We are seeking a highly skilled Senior Data Engineer to join our team. This position involves working on a groundbreaking project that enables the discovery, access, processing, publication, and sharing of biomedical data. The objective is to generate insights for secondary use and to integrate both clinical and non-clinical data (Real-World Data, RWD) using the EDIS end-to-end engine. The ideal candidate will possess a strong background in ETL processes, data modeling, and cloud technologies, particularly within the AWS ecosystem.
responsibilities :
Develop and enhance Data Warehouse solutions.
Design and implement ETL processes to ensure efficient data flow and storage.
Maintain and optimize data pipelines using various cloud technologies.
Collaborate with cross-functional teams to integrate and process biomedical data.
Conduct performance analysis, troubleshooting, and remediation of data-related issues.
Ensure data quality and adherence to architectural standards.

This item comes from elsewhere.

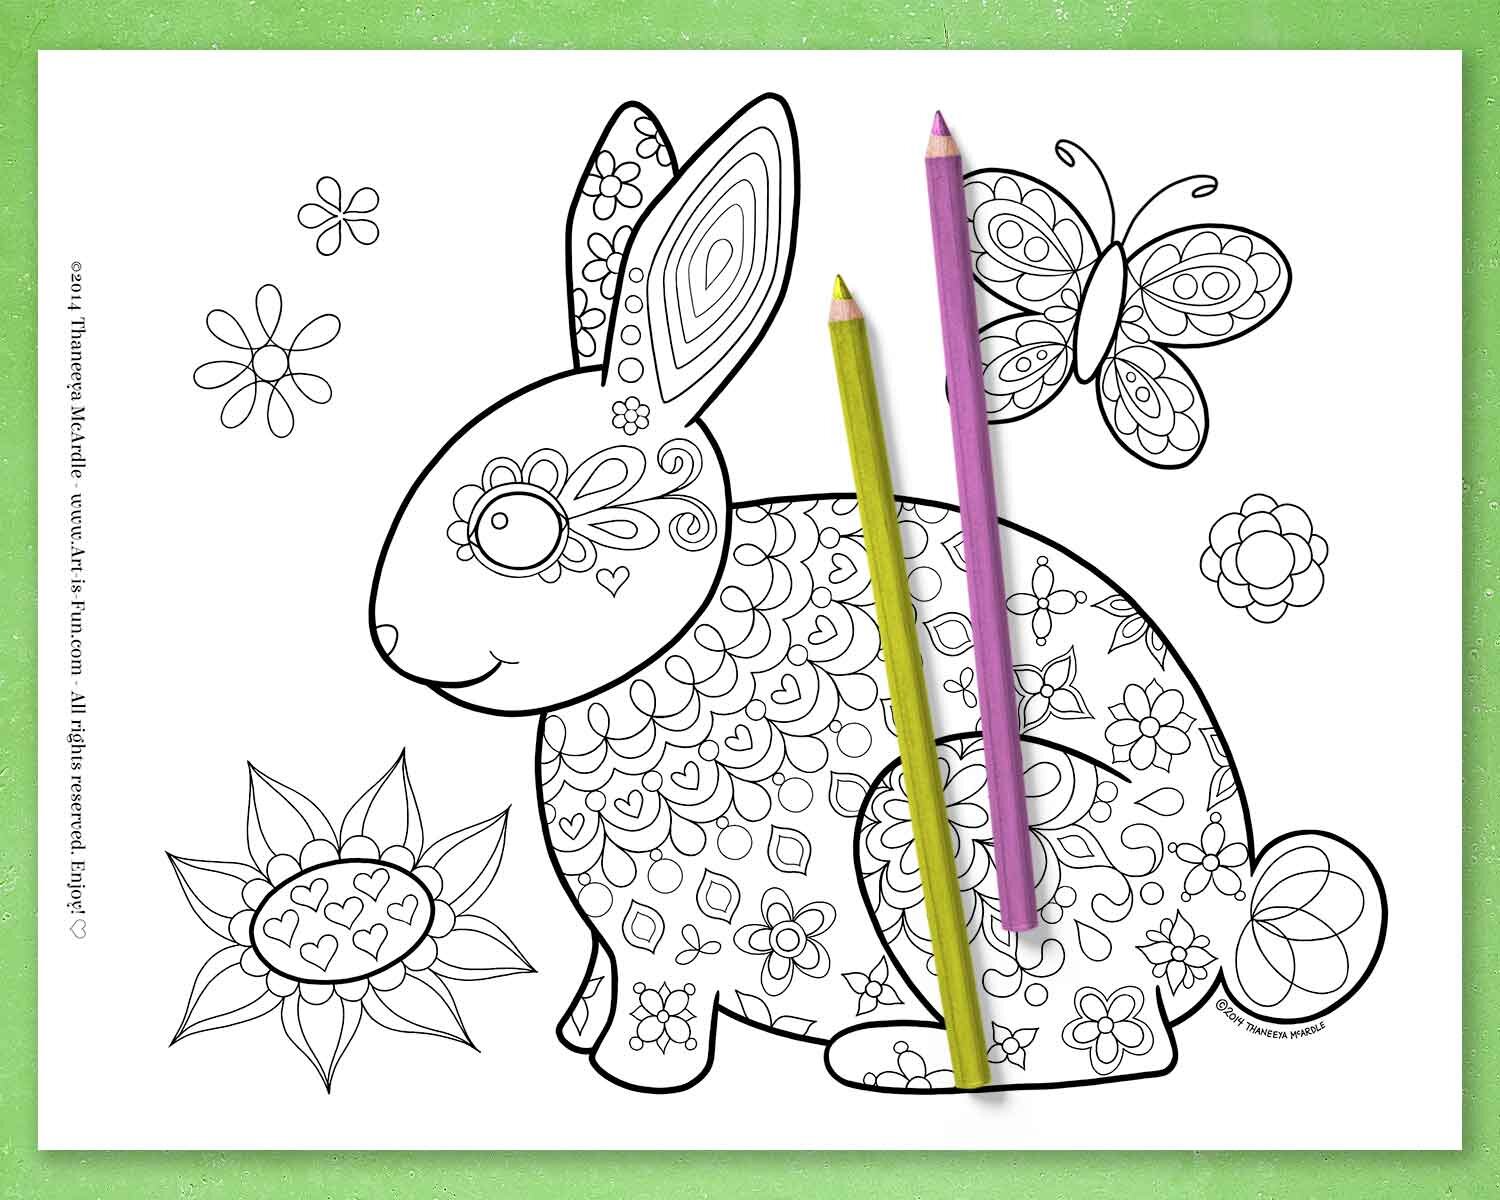 Groovy Animals Coloring Pages   Fun Printable E Book of 21 ...

Utilize best practices in data architecture, including data modeling, metadata management, and workflow management.
requirements-expected :
4+ years in programming with a focus on data pipelines using Python or R.
4+ years of experience working with SQL and relational databases.
3+ years in maintaining data pipelines and handling various data types (structured, unstructured, metrics, logs).
3+ years of experience in data architecture concepts, including ETL/ELT processes, real-time streaming, and data quality.
3+ years of experience with cloud technologies and data pipeline solutions such as Airflow, Glue, and Dataflow.
Proficiency in AWS components such as S3, Redshift, DocumentDB, and DynamoDB.
Familiarity with different storage solutions (filesystem, relational, MPP, NoSQL).
Basic knowledge of Java and/or Scala (1+ years).
Strong understanding of data serialization languages like JSON, XML, and YAML.
Proficient in using Git, Gitflow, and DevOps tools (Docker, Bamboo, Jenkins, Terraform).